Dataset
++++++++++

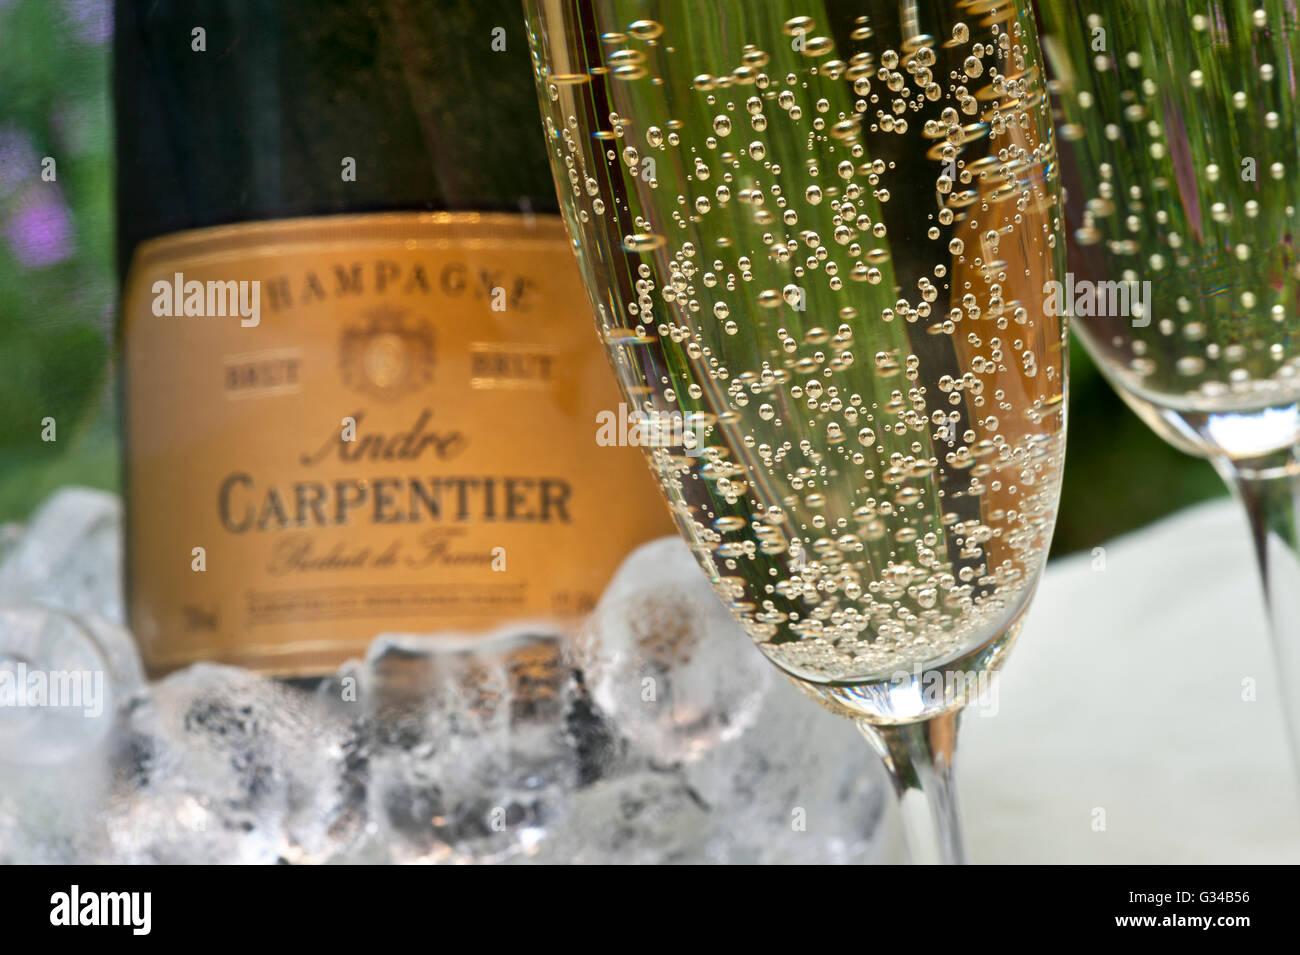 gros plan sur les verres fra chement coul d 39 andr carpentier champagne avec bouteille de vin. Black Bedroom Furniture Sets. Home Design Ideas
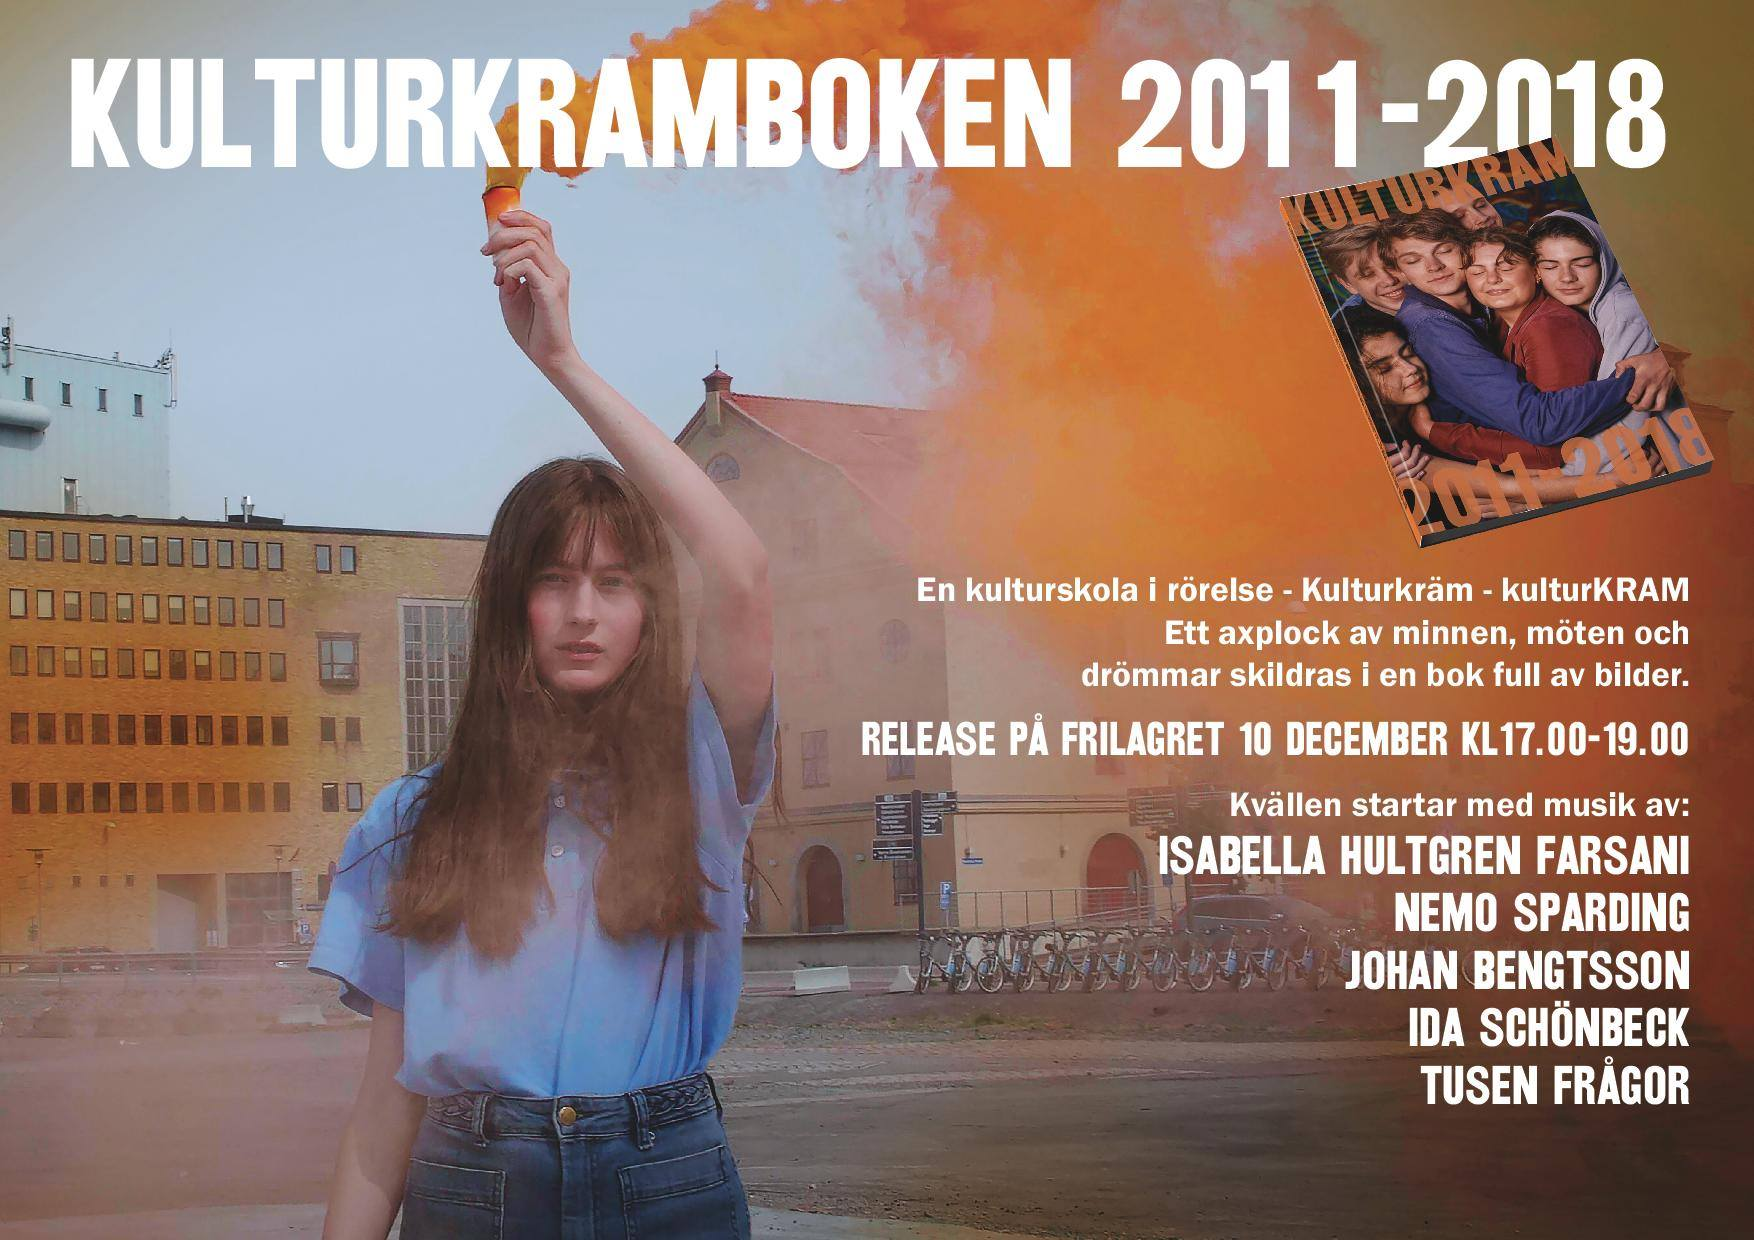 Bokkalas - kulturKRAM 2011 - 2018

++++++++++

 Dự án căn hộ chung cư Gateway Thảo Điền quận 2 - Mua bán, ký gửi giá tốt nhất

++++++++++

Directions
What is needed is an exact copy of the lines above, from the one holding "gros plan sur" down to the one holding "Bokkalas - kulturKRAM 2011 - 2018", with those two included and the pictures left out.

Answer to this task
 gros plan sur les verres fra chement coul d 39 andr carpentier champagne avec bouteille de vin. Black Bedroom Furniture Sets. Home Design Ideas
 Bokkalas - kulturKRAM 2011 - 2018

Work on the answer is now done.